> [TRY IT] Find every line in the records below that holds the word "Outdoor" and copy it.

==== EXTRACTED RECORDS

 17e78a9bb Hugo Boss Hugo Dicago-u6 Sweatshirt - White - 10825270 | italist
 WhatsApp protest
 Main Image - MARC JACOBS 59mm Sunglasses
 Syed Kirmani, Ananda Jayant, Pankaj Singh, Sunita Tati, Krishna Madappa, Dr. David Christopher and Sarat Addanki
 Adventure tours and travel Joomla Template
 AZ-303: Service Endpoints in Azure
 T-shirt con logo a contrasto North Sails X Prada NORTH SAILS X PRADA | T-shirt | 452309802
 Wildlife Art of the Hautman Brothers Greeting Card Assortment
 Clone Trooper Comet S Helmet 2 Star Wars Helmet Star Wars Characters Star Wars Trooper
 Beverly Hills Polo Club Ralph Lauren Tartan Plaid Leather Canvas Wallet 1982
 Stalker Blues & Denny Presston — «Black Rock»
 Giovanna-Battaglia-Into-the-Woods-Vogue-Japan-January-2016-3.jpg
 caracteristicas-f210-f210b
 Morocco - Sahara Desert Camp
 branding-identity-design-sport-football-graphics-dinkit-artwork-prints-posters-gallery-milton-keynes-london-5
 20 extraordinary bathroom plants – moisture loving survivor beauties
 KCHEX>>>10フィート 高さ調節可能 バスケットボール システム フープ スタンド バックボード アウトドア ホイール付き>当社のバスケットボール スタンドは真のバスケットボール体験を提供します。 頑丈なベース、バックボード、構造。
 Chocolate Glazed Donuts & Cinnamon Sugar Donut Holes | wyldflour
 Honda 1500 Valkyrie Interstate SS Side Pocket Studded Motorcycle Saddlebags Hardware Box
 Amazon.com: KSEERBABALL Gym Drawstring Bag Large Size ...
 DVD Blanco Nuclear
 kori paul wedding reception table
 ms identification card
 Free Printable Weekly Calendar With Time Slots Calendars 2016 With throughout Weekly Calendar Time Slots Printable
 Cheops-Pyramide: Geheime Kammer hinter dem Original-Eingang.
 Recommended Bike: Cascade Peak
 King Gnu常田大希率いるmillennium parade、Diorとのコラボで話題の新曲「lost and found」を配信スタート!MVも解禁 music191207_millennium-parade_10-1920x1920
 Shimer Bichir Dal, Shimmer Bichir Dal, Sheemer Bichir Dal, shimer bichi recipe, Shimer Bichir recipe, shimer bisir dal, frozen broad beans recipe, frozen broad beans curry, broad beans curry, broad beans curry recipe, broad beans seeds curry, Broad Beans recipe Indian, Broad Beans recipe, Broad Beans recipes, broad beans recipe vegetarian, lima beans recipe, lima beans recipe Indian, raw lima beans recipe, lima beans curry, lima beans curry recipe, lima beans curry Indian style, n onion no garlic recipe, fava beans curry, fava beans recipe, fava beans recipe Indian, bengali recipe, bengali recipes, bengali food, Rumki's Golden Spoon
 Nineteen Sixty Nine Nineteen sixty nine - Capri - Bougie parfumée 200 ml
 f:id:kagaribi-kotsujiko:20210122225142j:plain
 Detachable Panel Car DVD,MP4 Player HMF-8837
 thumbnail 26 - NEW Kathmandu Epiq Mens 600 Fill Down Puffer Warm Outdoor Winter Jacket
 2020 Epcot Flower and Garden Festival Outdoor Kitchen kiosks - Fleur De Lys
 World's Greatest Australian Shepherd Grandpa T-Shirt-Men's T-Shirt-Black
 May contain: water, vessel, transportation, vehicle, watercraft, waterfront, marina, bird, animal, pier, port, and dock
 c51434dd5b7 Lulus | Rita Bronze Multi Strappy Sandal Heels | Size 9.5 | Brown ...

========

> [WRITTEN SOLUTION]
 thumbnail 26 - NEW Kathmandu Epiq Mens 600 Fill Down Puffer Warm Outdoor Winter Jacket
 2020 Epcot Flower and Garden Festival Outdoor Kitchen kiosks - Fleur De Lys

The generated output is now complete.